— THE TASK —
Because the material must be preserved as it stands, copy every line exactly.

— INFORMATION SUPPLIED —
- - -

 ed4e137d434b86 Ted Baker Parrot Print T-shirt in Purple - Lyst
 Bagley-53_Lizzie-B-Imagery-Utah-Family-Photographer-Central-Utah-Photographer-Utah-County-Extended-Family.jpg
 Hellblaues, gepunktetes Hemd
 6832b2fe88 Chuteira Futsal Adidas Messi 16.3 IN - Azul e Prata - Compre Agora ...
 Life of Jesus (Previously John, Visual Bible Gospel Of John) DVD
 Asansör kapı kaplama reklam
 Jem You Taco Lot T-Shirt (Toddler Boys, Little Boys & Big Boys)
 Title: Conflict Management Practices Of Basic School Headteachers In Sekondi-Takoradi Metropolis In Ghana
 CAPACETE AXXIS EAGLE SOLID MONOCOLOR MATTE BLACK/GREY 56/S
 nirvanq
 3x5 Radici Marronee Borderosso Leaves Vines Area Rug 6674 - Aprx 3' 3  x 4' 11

- - -

— RESPONSE TO THIS TASK —
 ed4e137d434b86 Ted Baker Parrot Print T-shirt in Purple - Lyst
 Bagley-53_Lizzie-B-Imagery-Utah-Family-Photographer-Central-Utah-Photographer-Utah-County-Extended-Family.jpg
 Hellblaues, gepunktetes Hemd
 6832b2fe88 Chuteira Futsal Adidas Messi 16.3 IN - Azul e Prata - Compre Agora ...
 Life of Jesus (Previously John, Visual Bible Gospel Of John) DVD
 Asansör kapı kaplama reklam
 Jem You Taco Lot T-Shirt (Toddler Boys, Little Boys & Big Boys)
 Title: Conflict Management Practices Of Basic School Headteachers In Sekondi-Takoradi Metropolis In Ghana
 CAPACETE AXXIS EAGLE SOLID MONOCOLOR MATTE BLACK/GREY 56/S
 nirvanq
 3x5 Radici Marronee Borderosso Leaves Vines Area Rug 6674 - Aprx 3' 3  x 4' 11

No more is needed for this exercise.